Opening Balance Equity is a special QuickBooks account that should always be zero except during the initial set up of the data file.
Opening Balance Equity is the account that is used for the "other side" of the entry when beginning balances are entered when setting up new accounts. Once transactions have been entered into an account, it is no longer possible to use this method. The advantage to entering the balances in this way is that it is easier to reconcile Opening Balance Equity through the register to the beginning Retained Earnings Balance when setting up the file, then the balance can be transferred via a journal entry to Retained Earnings. If a journal entry method is used for setting up the beginning balances, there are challenges with entering the Bank (needs bank balance, outstanding checks, and deposits in transit), Accounts Receivable (needs balances by customer), and Accounts Payable (needs balances by vendor) type accounts. This situation is further complicated if there is a data entry error and Retained Earnings was used as the "off-set" to the entry. Retained Earnings does not have a register nor an easy way to create a report then drill down to actual transactions to show activity. Once the Opening Balance Equity account has been reconciled (i.e. equal to Retained Earnings on the source documents) an entry onto the register (or a journal entry) can be created to transfer the balance into Retained Earnings to again make the account zero.
As was mentioned previously, this account balance should always be zero except during the brief time of setting up a new QuickBooks data file. If the balance in this account is quite large, typically the client has set up the file themselves and only entered the balances for the accounts they knew (i.e. bank accounts, maybe A/R and A/P, etc) but the remaining accounts (fixed assets, equity accounts, loan balances, prepaids and accruals, etc) have not been entered. To correct this error, create a Balance Sheet as of the start of the file, compare it to the Balance Sheet as it should be (typically a year end financial statement or tax return prepared by the accountant) and then reconcile the two.

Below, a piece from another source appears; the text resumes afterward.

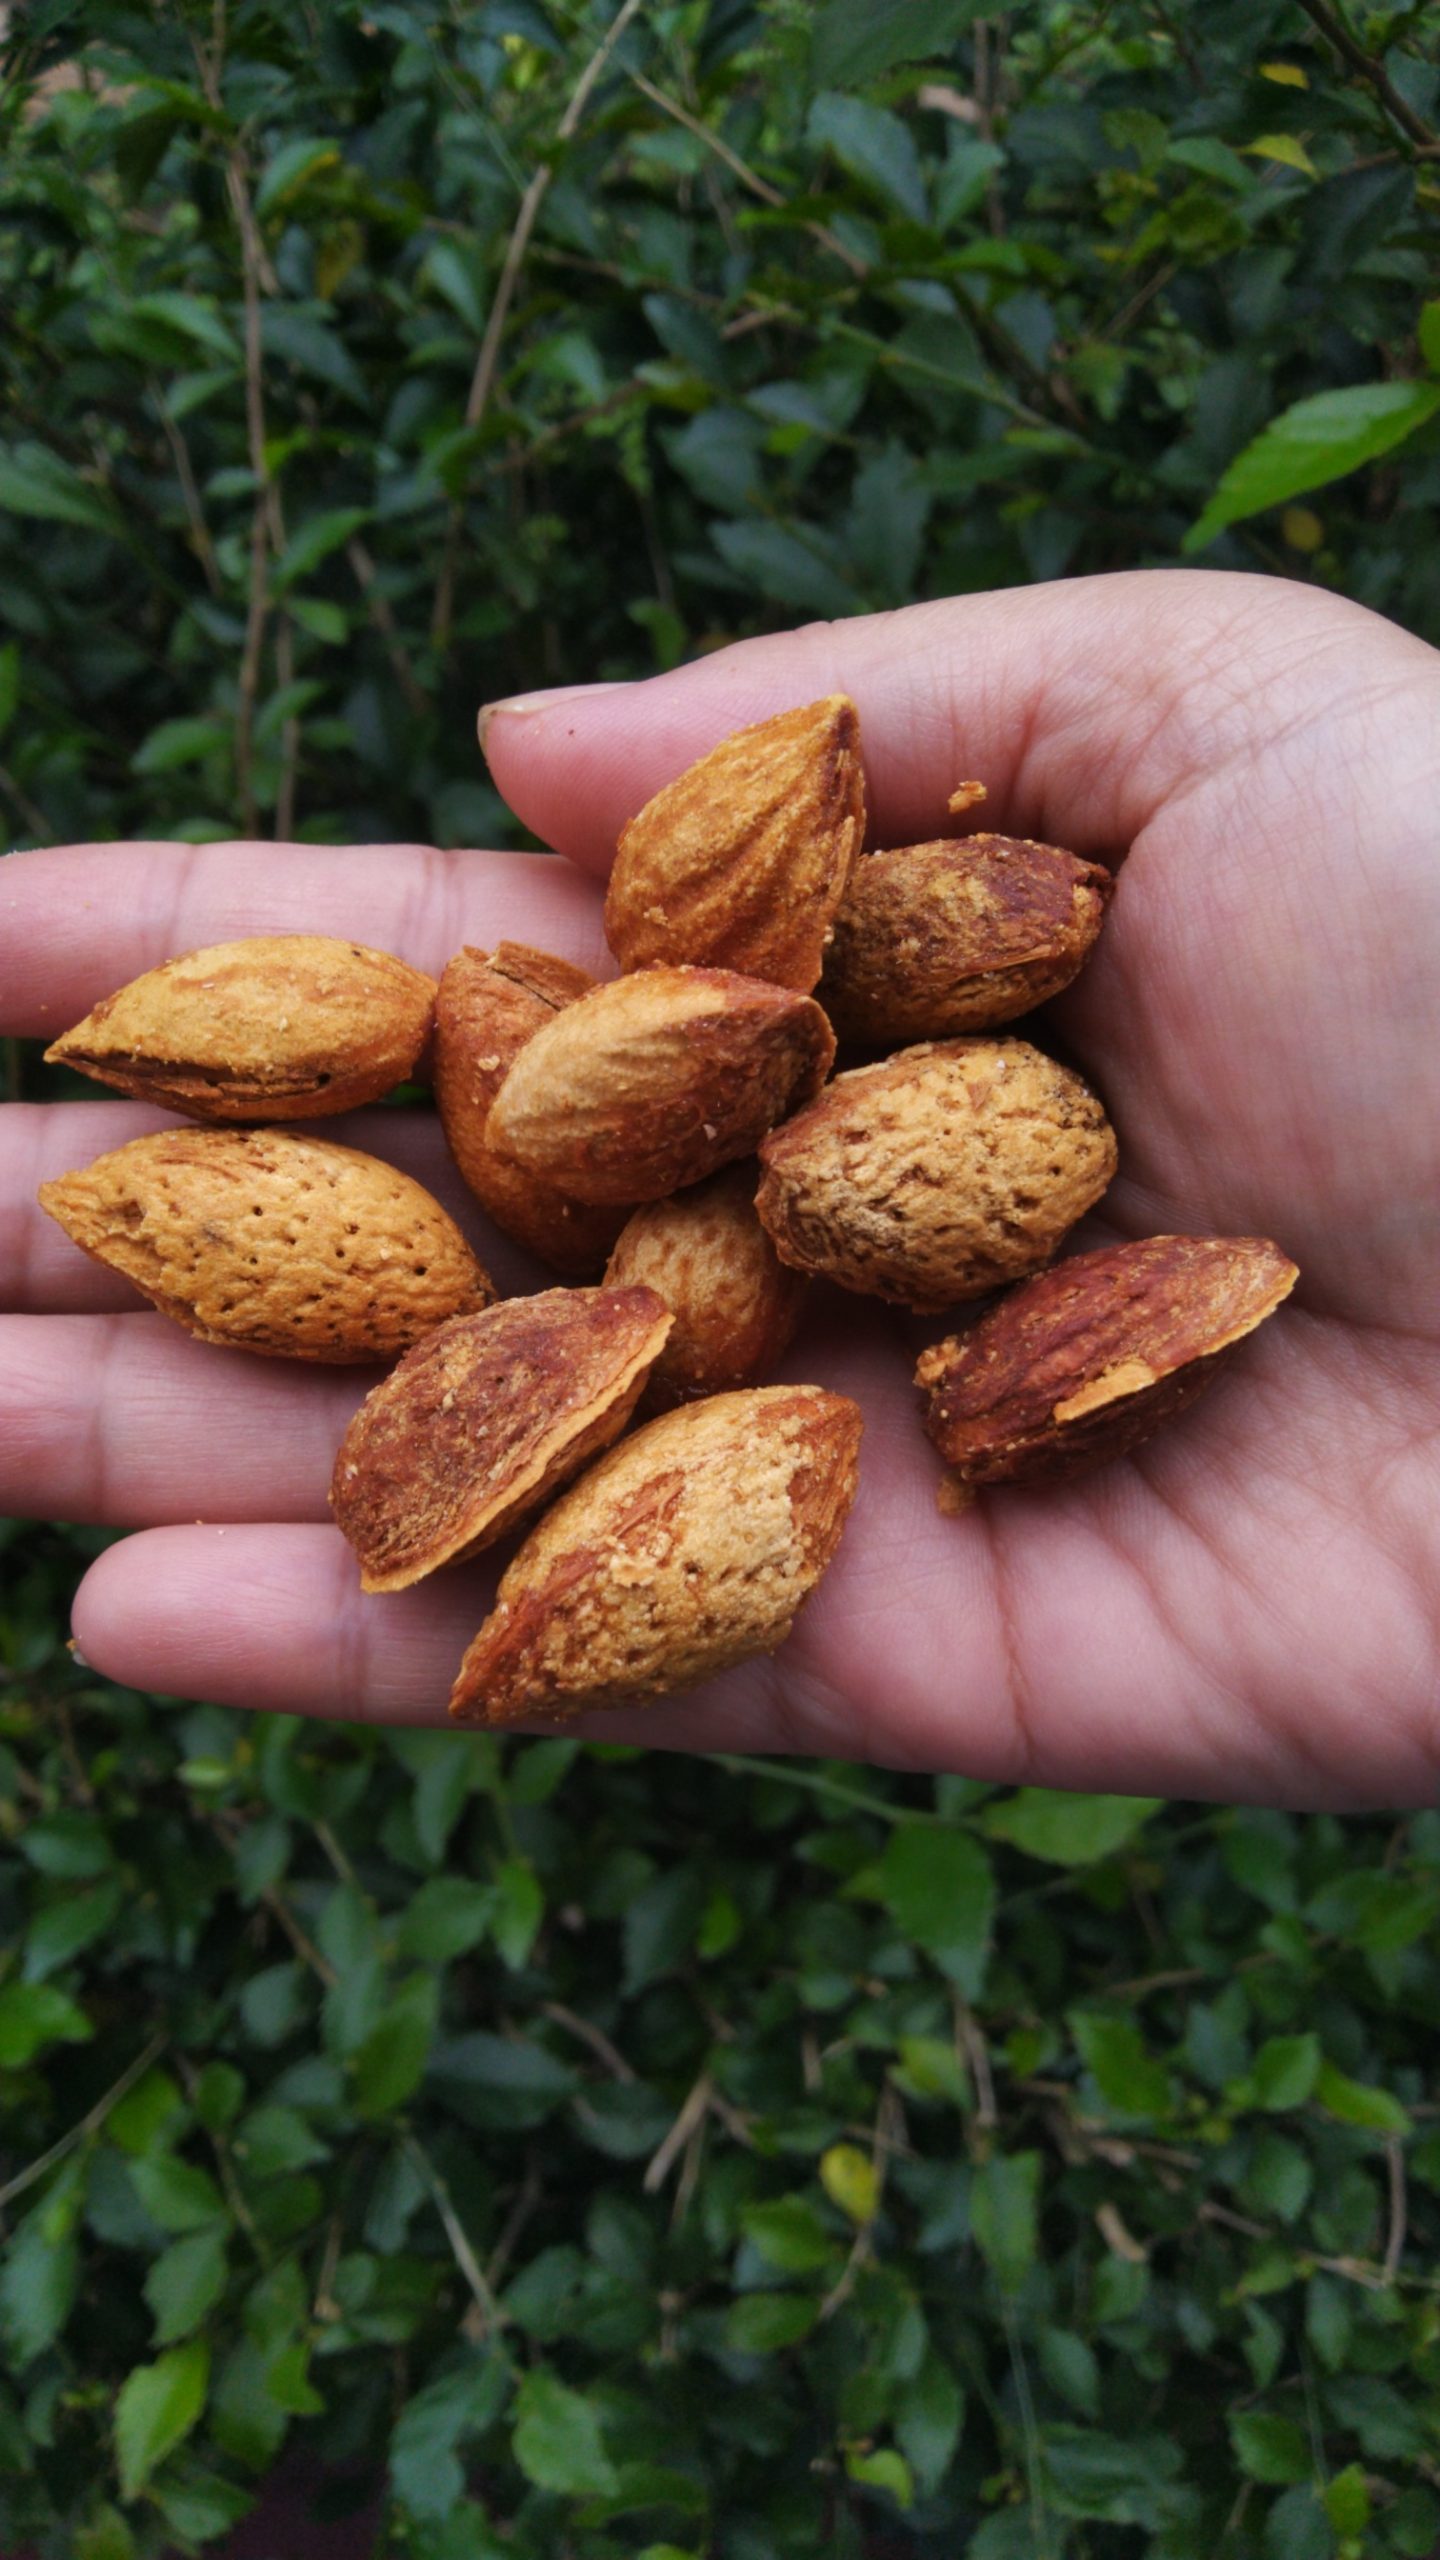 Manfaat Baik Kacang Almond untuk Perawatan Kulit

Following the entry and reconciliation of the beginning balances, this account should always be zero. If the Balance Sheet at the start of the file is correct, an amount is entered into this account is usually the result of one of the following situations:
1. The difference in the reconciliation of a balance sheet account was not zero, and the option was then chosen to let the software create an entry to correct the account. This problem is usually quite apparent because the journal entry has a memo says balance adjustment. To correct the error, either make an entry in the register (or a journal entry) to reclassify the amount to an appropriate account, or double click on the entry in the register to change it directly. If the amount is minor, it is probably not worth spending too much time researching it, if the amount is not immaterial, going to the reconciliation report for the appropriate time period (a printed copy of the full reconcilation in the older versions, or, in the newer versions, it is possible to print old reconciliation reports from within the software) and compare it to the bank statement to discover why the reconciliation difference was not zero.

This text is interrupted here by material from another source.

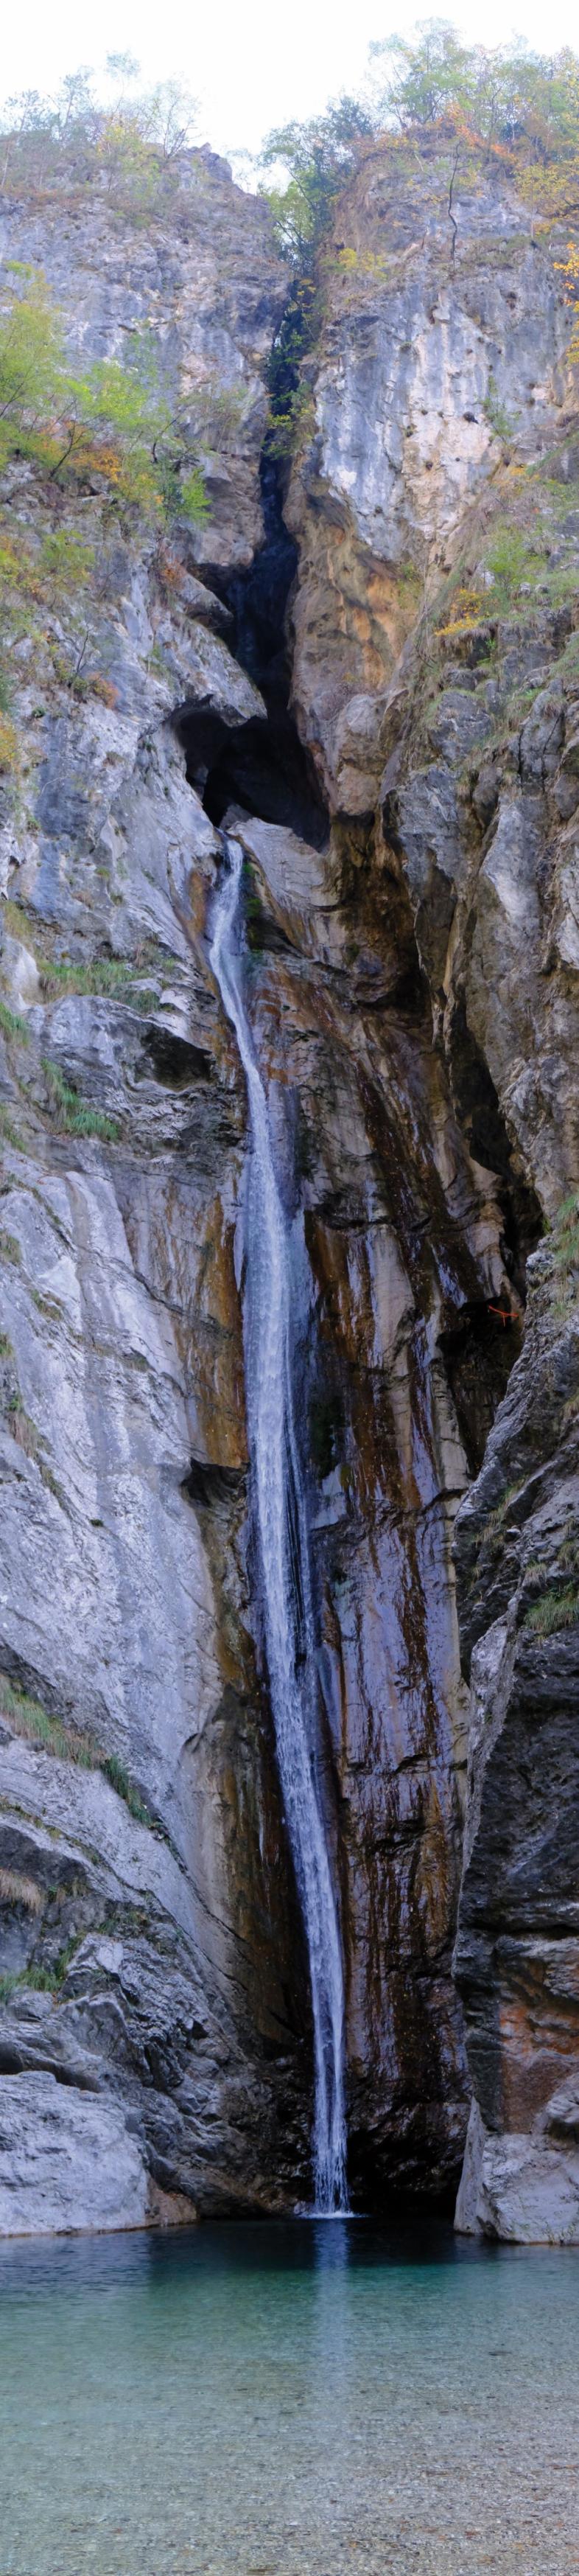 Ein sehr hoher und schmaler Wasserfall ergießt sich zwischen steilen Felswänden in ein glasklares natürliches Wasserbecken mit Kieselgrund.

2. A new account was created, and the transactional data was not entered, but rather the beginning balance was entered when creating the new account. This happens quite frequently with loan accounts. The client will know there is a new loan, and when creating the new liability account will enter the amount borrowed at the bottom of the new account screen as the beginning balance as of the date of the loan. This creates an entry with a debit to Opening Balance Equity and a credit to the loan account. The loan looks correct, but the debit is not. Typically the loan was for a fixed asset, or as working capital being deposited into the bank account. The result can often become complicated. For example, if it was a working capital loan, the deposit into the bank account may be entered as income in error distorting the Profit and Loss report as well. When a new account is created after the original set up of a new file, the transaction needs to be entered, not just a balance on the new account screen.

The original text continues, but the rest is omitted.